The applicant pointed out that Council had incorrectly assessed the proposal against the Character Area 13 precinct and the review site is within Character Area 15 East Bentleigh, south of Centre Road.

Source: http://www.austlii.edu.au/au/cases/vic/VCAT/2015/199.html

THE AGE ARTICLE

Don’t give Victoria residents a bigger say – developers

Date: March 12, 2015 – 12:15AM

Residents should not be given a bigger say at Victoria’s planning tribunal because it would not be “fair”, according to a developer lobby group.

In a letter to the Premier and ministers, the Property Council’s Victorian executive director Jennifer Cunich said they opposed  “the Government’s plans to add additional weight to community opinion in regard to VCAT decision-making”.

“Such a move goes against the very basis of a just and fair legal system. We would consider any attempt to make such changes a fundamental deterioration of Victoria’s legal apparatus,” it said.

Labor has pledged to amend the Planning and Environment Act “so that, where appropriate, the Victorian Civil and Administrative Tribunal (VCAT) must take into account the extent of community opposition to planning proposals”.

“The changes would see significant community opposition – such as that in response to Tecoma McDonald’s or Prahran’s Orrong Rd Towers – formally taken into account,” Labor said in its election commitments.

Labor said the changes were not about appeasing a noisy minority and instead would give locals a fair hearing and recognise a community standing together.

James Larmour-Reid, from the Planning Institute, urged caution in relation to the proposed reforms.

“Community engagement is central to our planning system, but we need to make sure  that VCAT decisions are based on planning principles and policies,” he said.

While it was completely reasonable for the planning tribunal to take into account community sentiment, “sentiment alone cannot be allowed to drive the outcome”.

Opposition planning spokesman David Davis said the government’s promised tribunal changes were “light on detail”.

“What does it really mean and how will this actually operate?” he said.

“If the plan is to make the capacity of people to object more accessible in a reasonable way, we’re in favour of that,” he said.

The Property Council’s priorities letter also called on the government to sell Victoria’s share of the Snowy Mountain Hydro Scheme, old school sites and disused rail land to help fund new infrastructure.

It also calls for a flexible urban boundary – “a firm urban growth boundary will unnecessarily restrict supply” and calls on the government to continue support for the Victorian Energy Efficient Target Scheme to reduce energy bills and emissions.

Some of the former Coalition government’s planning actions were criticised in the letter.

“The former government’s decision to undertake rezoning prior to the release of the masterplan or vision for the precinct (Fishermans Bend) has caused widespread confusion and uncertainty,” the Property Council said.

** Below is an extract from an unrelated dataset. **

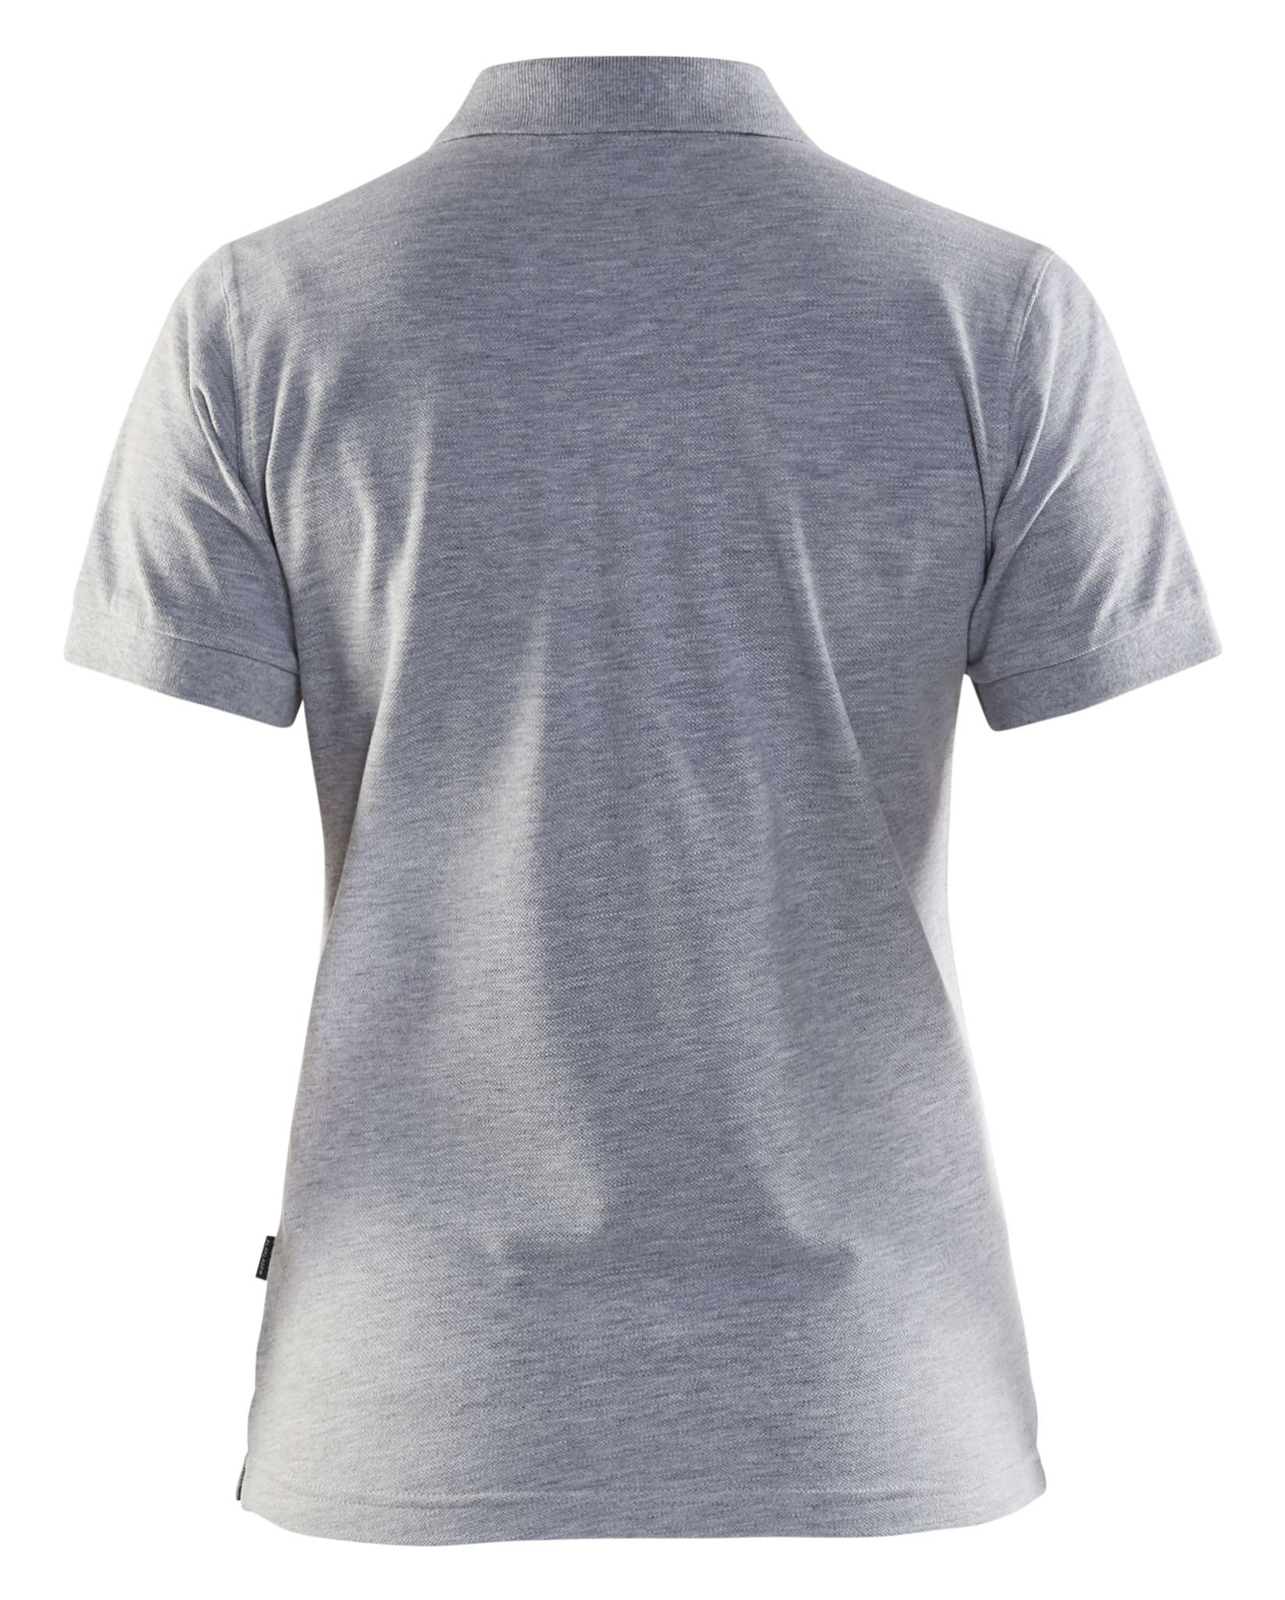 Blaklader Dames polo shirts 33071035 grijsmelee(9000)
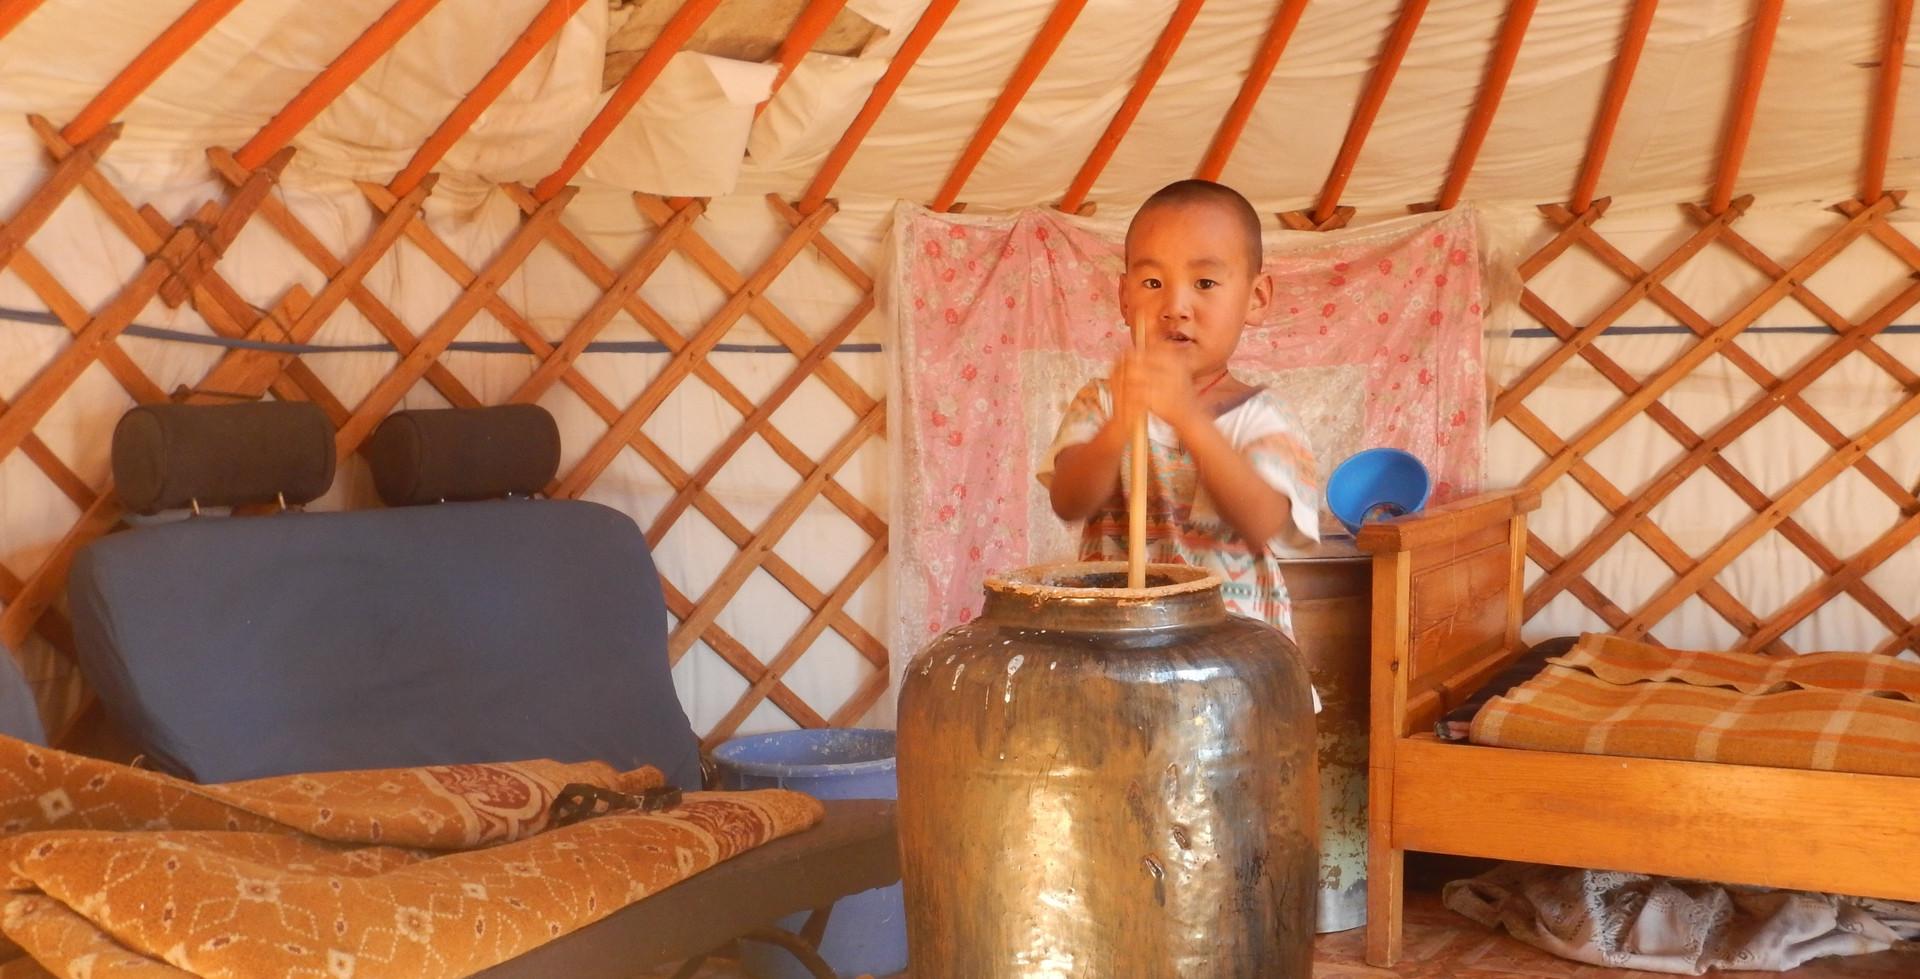 Enfant nomade, Дундговь, Сайхан-Овоо сумын

On new housing zones, Ms Cunich said: “As they currently stand, the zones have caused much community angst, and will adversely affect Melbourne’s housing supply and affordability”.

Municipal housing targets should be set based on up-to-date population and demographic modelling.

A spokeswoman for planning minister Dick Wynne said: “The Andrews Labor Governnment promised it would give communities a fair go at VCAT, and this is what we will do.”